Quanto à observação do doente, passou-se do “ Homem opaco para o Homem transparente” e, a partir daí, fazer o bom uso dos novos métodos é ser: sábio e inteligente nas suas aplicações.

Hoje a prática desta medicina tecnológica é outro Mundo e, pode dizer-se, imprevisível naquele tempo.

Ao diagnóstico chegava-se mediante observação cuidada e minuciosa, aparelho a aparelho ou sistema tudo registado em história clinica na perspetiva de diagnóstico provisório que nos orientasse para a terapêutica possível, na esperança ou na certeza de cura.

Em resumo: o doente era minuciosamente visto sendo evidente a proximidade do médico ao doente: a fala, os olhos e as mãos era tudo o que havia para o servir, no combate à doença. O doente sentia-se protegido e o médico era o seu amigo e o seu salvador. Pode dizer-se que o médico junto do seu doente fazia e continua a fazer parte da eficácia e porque não da eficiência terapêutica.

A hotelaria e tudo o resto, se existissem, era muito bom mas seria secundário.

O tal jornal entretinha-se a recolher senão mesmo a estimular queixas para denuncia e era assim que com grandes títulos de primeira página, como hoje, aumentava as vendas do seu produto dizendo-se, como hoje se diz, sem qualquer intervenção da censura.

Havia que procurar um culpado!

Era eu um jovem interno de cirurgia à procura da técnica e do saber para operar e, sempre que, no Banco do Hospital de S. José, o Cirurgião chefe de equipa, nos escolhia para realizar um ato cirúrgico, para nós, era um encanto, uma responsabilidade e o delegar de competência num jovem que se iniciava. Deste modo fui escolhido para operar um caso de apendicite aguda.Com muito cuidado e sempre com um bom ajudante cumpríamos as rotinas, com maior ou menor dificuldade e, após todo aquele bom sucesso, o doente acordava e, pouco tempo depois, era transferido para o que se chamava SOB, serviço de operados do banco, ou seja, um depósito de doentes aguardando vaga, no nosso serviço, para serem transferidos.

Ali estariam algumas horas, alguns dias ou dali nem saiam até ter alta, diretamente, para a consulta externa.

O S.O.B era um salão enorme, esconso com pouca luz ou nula à noite com teto e janelas inclinadas entrando frio por todo o lado., camas alinhadas, delimitando corredores onde procurávamos os nossos doentes.
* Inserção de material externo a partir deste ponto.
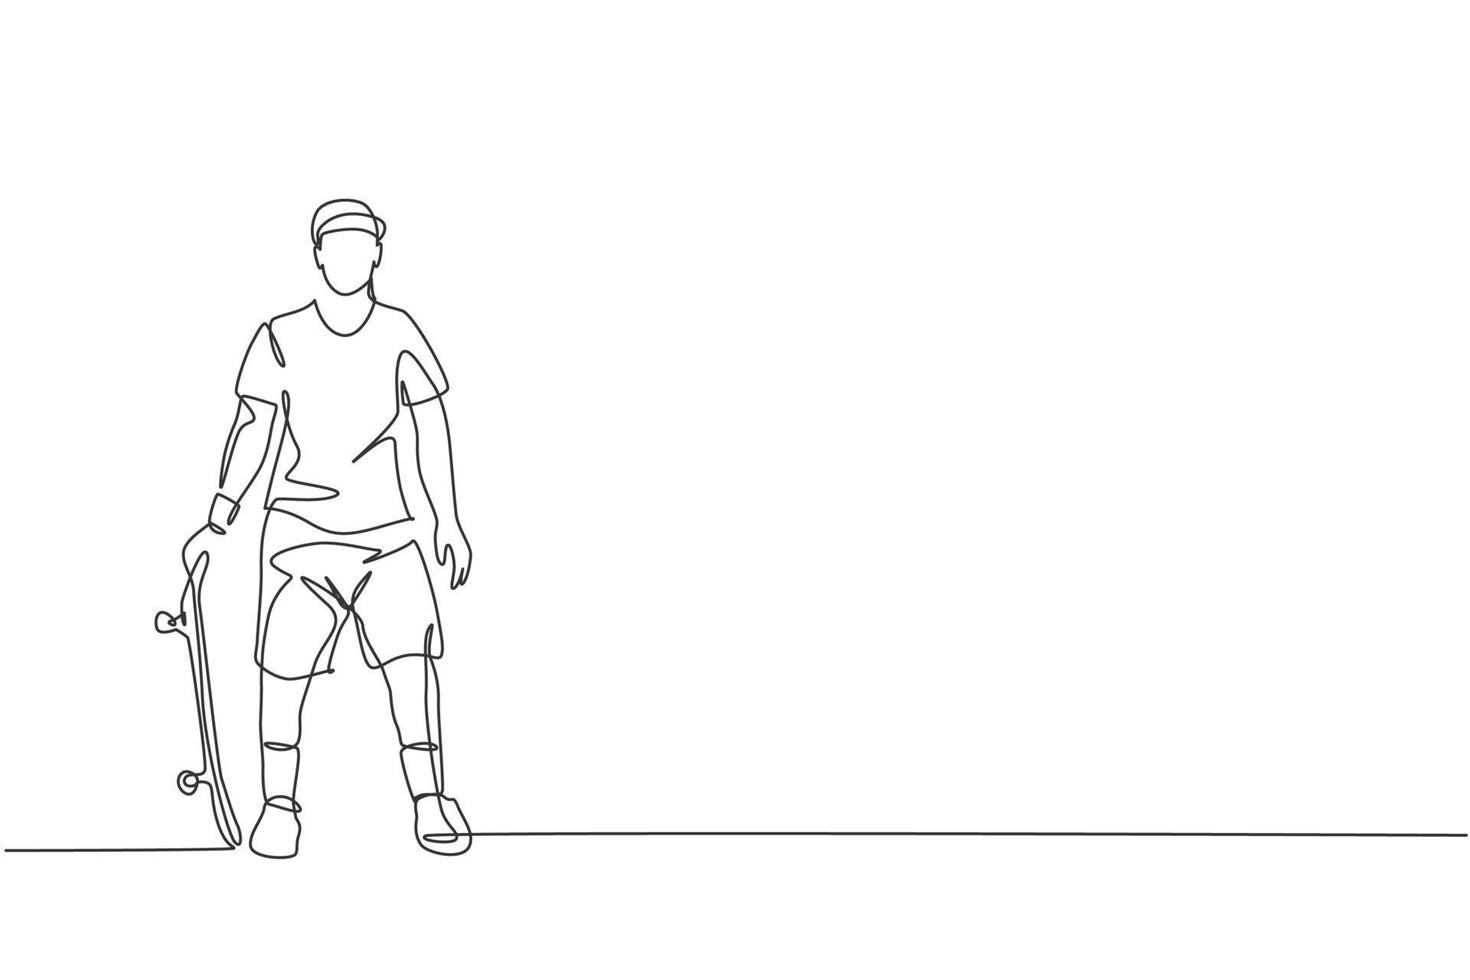 um desenho de linha contínua do jovem skatista legal segurando o skate e pose elegante no skatepark. conceito de esporte radical adolescente. ilustração em vetor design gráfico de desenho gráfico de linha única dinâmica

À noite era indiscritível: a comida era trazida em grandes panelões de alumínio e despejada em pratos, de alumino também acompanhados de uma caneca para líquidos e o pão era colocado em cima de um guardanapo de papel. A água era servida, quando solicitada, para não se entornar e, no meio daquela confusão toda, ouviam-se gemidos e pedidos de socorro durante toda a noite. Debaixo da cama encontravam-se os sapatos do doente e uma arrastadeira de recurso.

Nós, jovens cirurgiões, ali íamos várias vezes ao dia ver os nossos desgraçados doentes por nós agredidos na intenção de lhes fazer bem mas sentíamo-nos, em parte, culpados de tudo aquilo à nossa frente. Geralmente, estava ao serviço um enfermeiro muito experiente que humanizava um pouco aquilo tudo e, ao acompanhar-nos, sentíamos segurança na resolução dos problemas, que iam surgindo, ao dar-nos, sempre, pequenas sugestões que, modestamente, aceitávamos.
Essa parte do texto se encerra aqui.